━━━━━ INPUT FOR THIS TASK

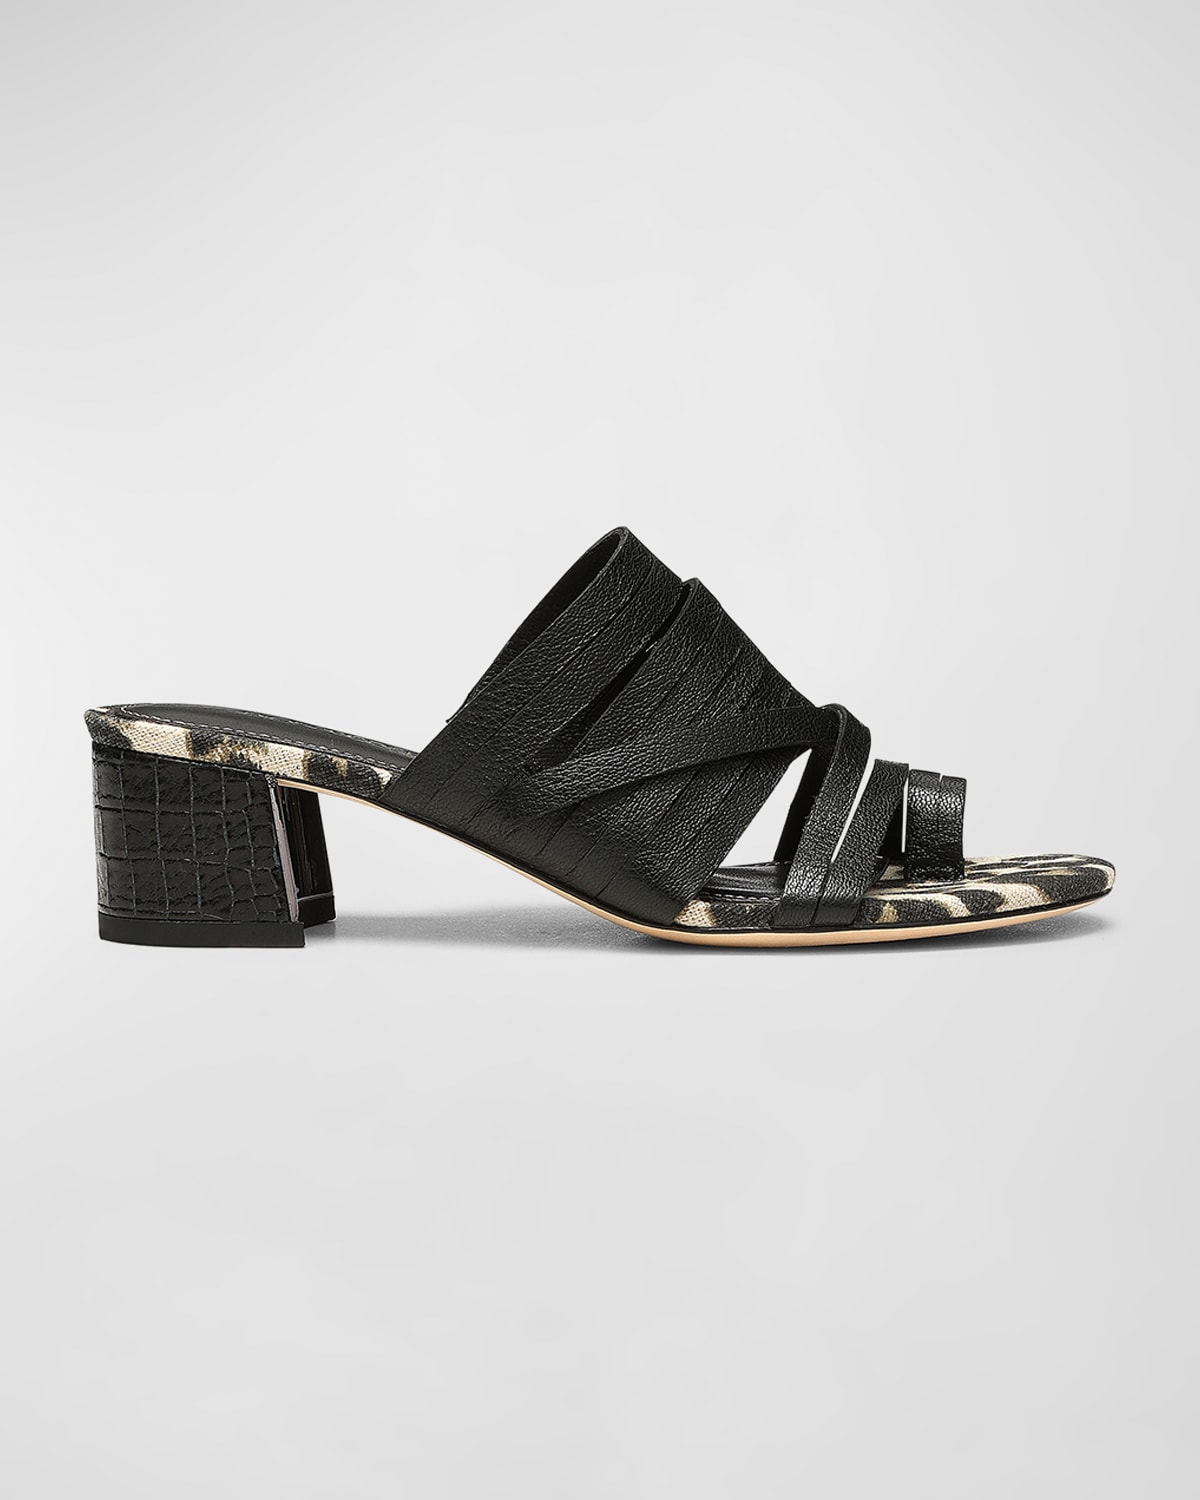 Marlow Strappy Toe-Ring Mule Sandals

━━━━━━━━━━
━━━━━ INPUT FOR THIS TASK

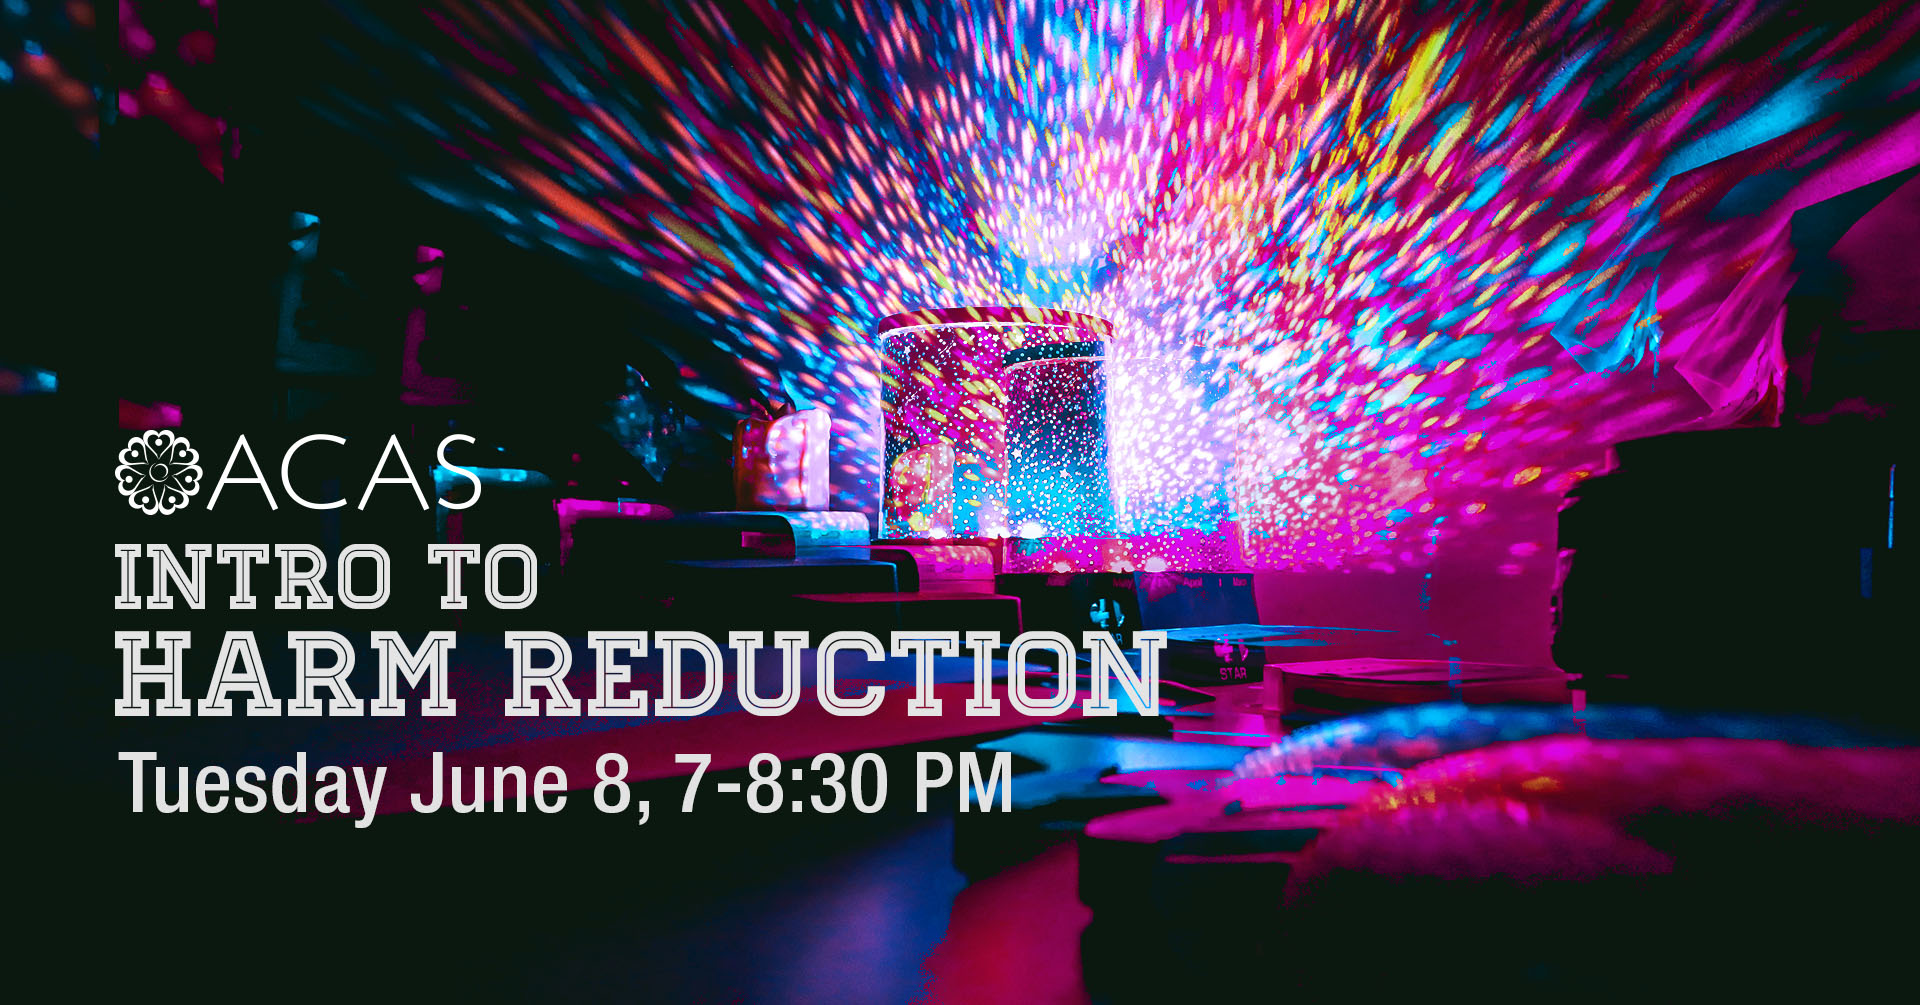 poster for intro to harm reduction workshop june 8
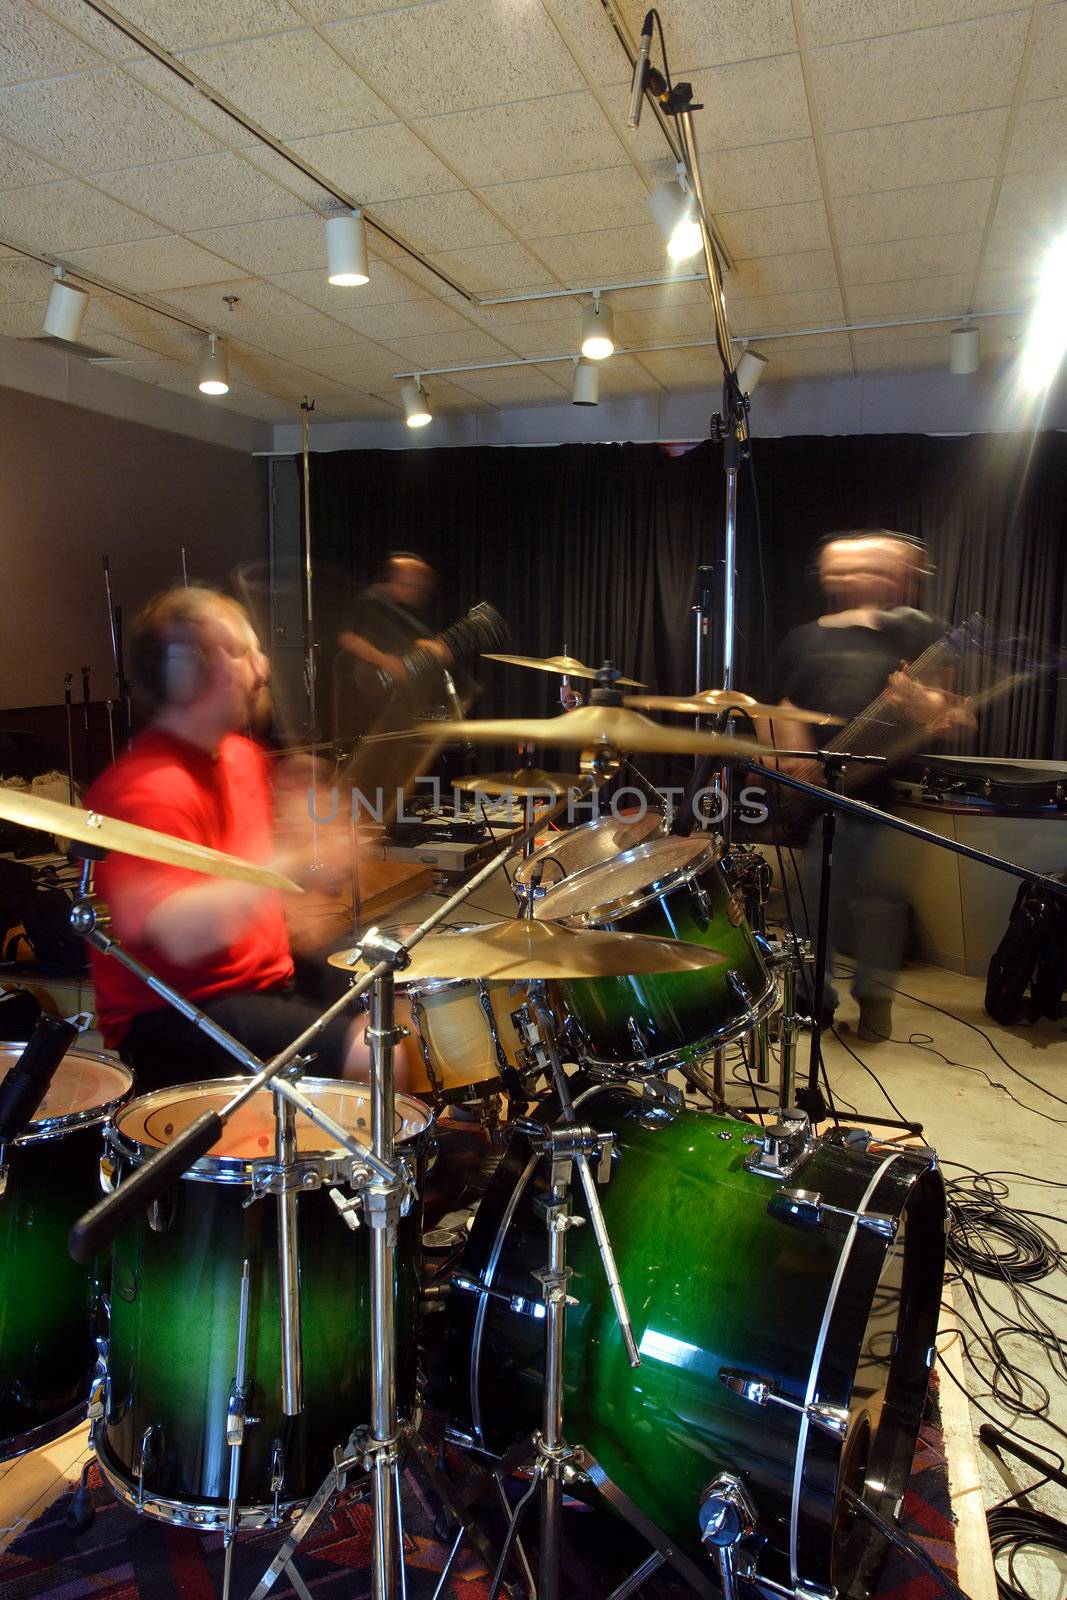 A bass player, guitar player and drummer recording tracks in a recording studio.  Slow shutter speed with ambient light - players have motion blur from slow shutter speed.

━━━━━━━━━━

TASK ITEM
Here the job is to copy the listing above word for word, starting at the line with "poster for intro" and ending at the line with "A bass player, guitar", and to leave out the pictures.

TASK RESULT
 poster for intro to harm reduction workshop june 8
 A bass player, guitar player and drummer recording tracks in a recording studio.  Slow shutter speed with ambient light - players have motion blur from slow shutter speed.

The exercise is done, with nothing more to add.